Dealing with missing data
We will contact study authors if it is necessary to obtain data missing from published reports.
Assessment of heterogeneity
We will use the I2 statistic to measure heterogeneity among the trials in each analysis. If we identify substantial heterogeneity (I2 greater than 50%), we will explore it by pre-specified subgroup analysis.
If heterogeneity persists, we will present results separately and report reasons for the observed heterogeneity.
Assessment of reporting biases
Where we suspect reporting bias we will attempt to contact study authors and ask them to provide missing outcome data. Where this is not possible, and the missing data are thought to introduce serious bias, we will explore the impact of including such studies in the overall assessment of results by a sensitivity analysis.
We will assess the potential for publication bias for the studies using funnel plots. We will attempt to minimise the potential for publication bias by our comprehensive search strategy that includes evaluating published and unpublished literature.
We will conduct meta-analysis, if appropriate, using Cochrane's Review Manager software (RevMan 2011) and present results using the Mantel-Haenzel rate ratio. We will use both fixed and random effects models and conduct sensitivity analysis to explore differences between the two models. If meta-analysis is not possible, a narrative synthesis of studies will be undertaken. Data will also be presented using the GRADEpro software (GRADEpro 2008). GRADE evidence profiles and summary of findings tables will be generated.
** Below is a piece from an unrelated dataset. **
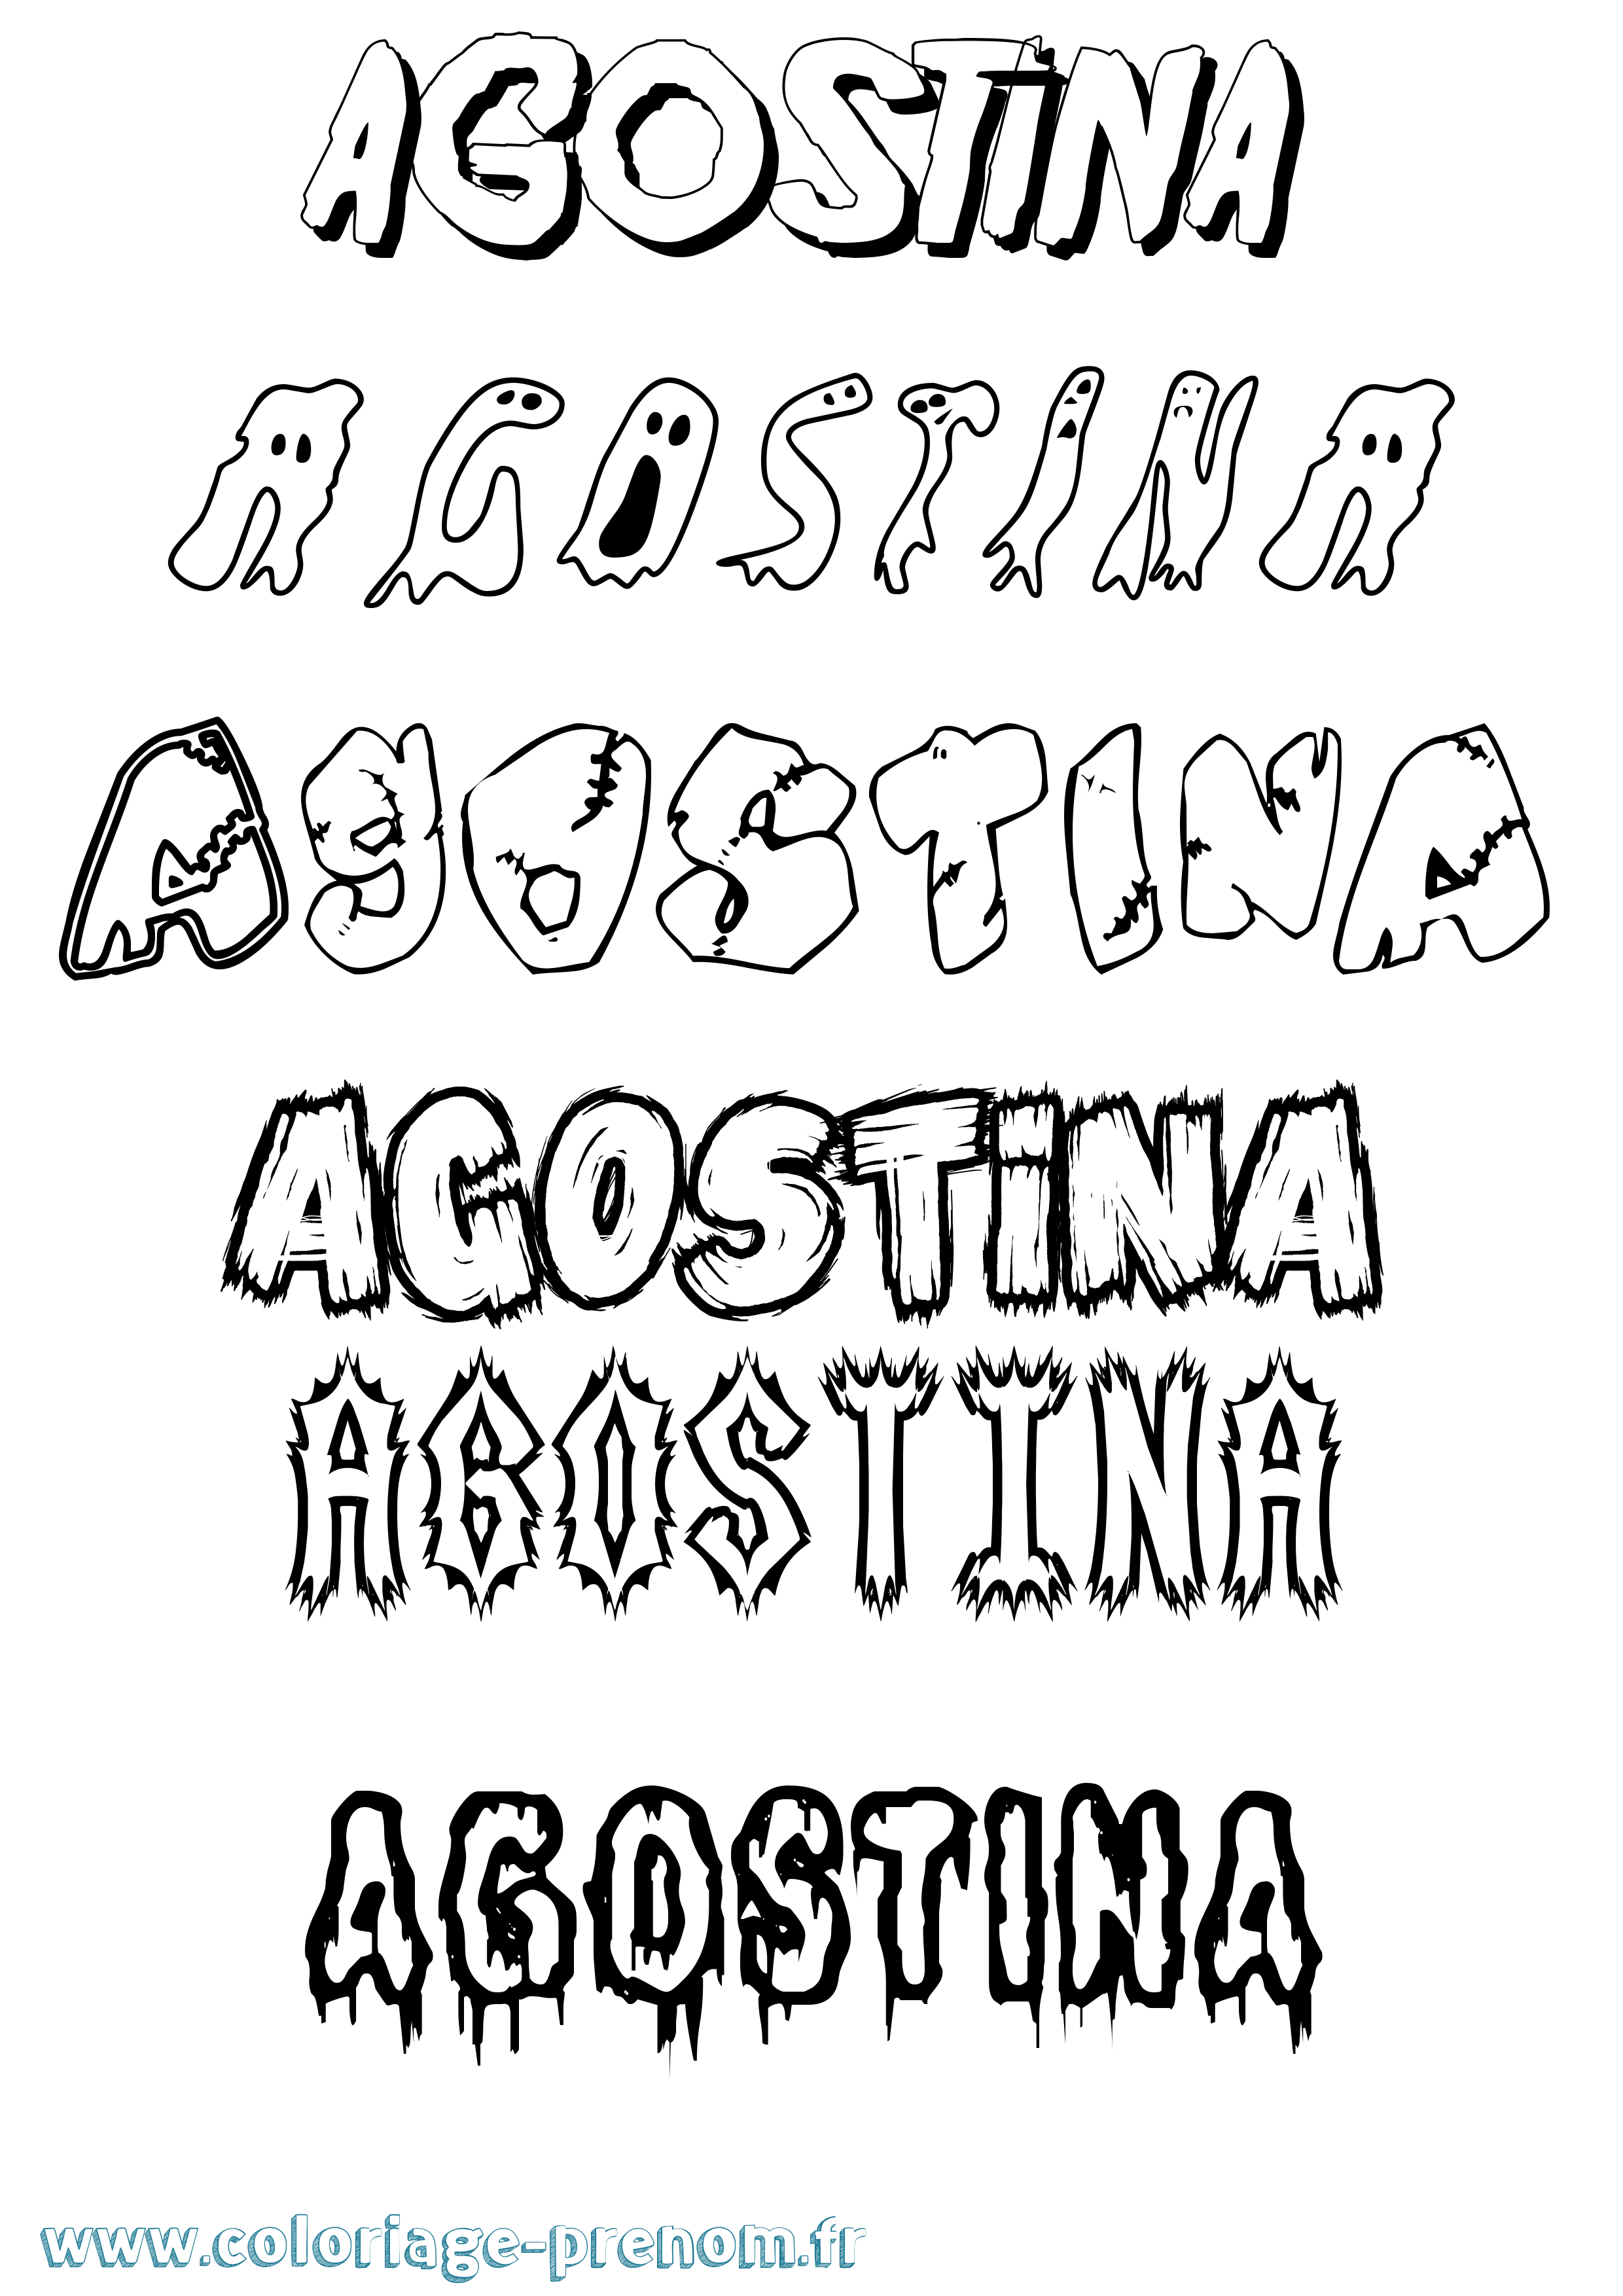 Coloriage prénom Agostina Frisson

When interventions and study populations are sufficiently similar across the different studies, we will pool the data across studies and estimate summary effect sizes using both fixed- and random-effects models. We intend to compare the estimates from fixed- and random-effects models in an attempt to explore the influence of small-study effects on results of a meta-analysis with intra-study heterogeneity. Specifically, we will estimate the log (risk ratio) for each included study and use the inverse variance method to calculate study weights. The inverse variance method assumes that the variance for each study is inversely proportional to its importance, therefore more weight is given to studies with less variance than studies with greater variance. If the estimates between the two modeling approaches are similar, then we can assume effects from small-studies only slightly affect the intervention's summary estimate. If estimates from random-effects are qualitatively substantially more beneficial than fixed-effects estimates, we will investigate whether the interventions were more effective in smaller studies than in larger studies. If upon reviewing the methodologies of the included studies we conclude that the larger studies were more rigorous, we may consider presenting only results from larger studies in a meta-analysis. As such, we intend to explore potential methodologic reasons for those differences in fixed- or random-effects estimates.
We will summarise the quality of evidence for the studies separately for each outcome for which data are available in GRADE Summary of Findings tables and GRADE evidence profiles (Guyatt 2008).
Subgroup analysis and investigation of heterogeneity
Heterogeneity will be explored by analyses per subgroup, which will be performed for populations or types of interventions that are dissimilar in a meaningful way. These analyses could include subgroup analyses based on the HIV risk group, perinatally-acquired vs sexually acquired, the study region, higher-income vs. low or middle-income country, characteristics of key populations, or other factors.
If possible, we will perform sub-group analysis by baseline immune status (e.g. CD4 count) of study participants and by gender. Heterogeneity will also be explored using further sub-group analyses by setting (middle- or low- versus high-income country) and by HPV vaccine type (quadrivalent versus bivalent). A test for interaction will be performed for each subgroup comparison.
If pooled results are heterogeneous for the selected studies, we will conduct sensitivity analyses to identify studies with outlying results for further examination.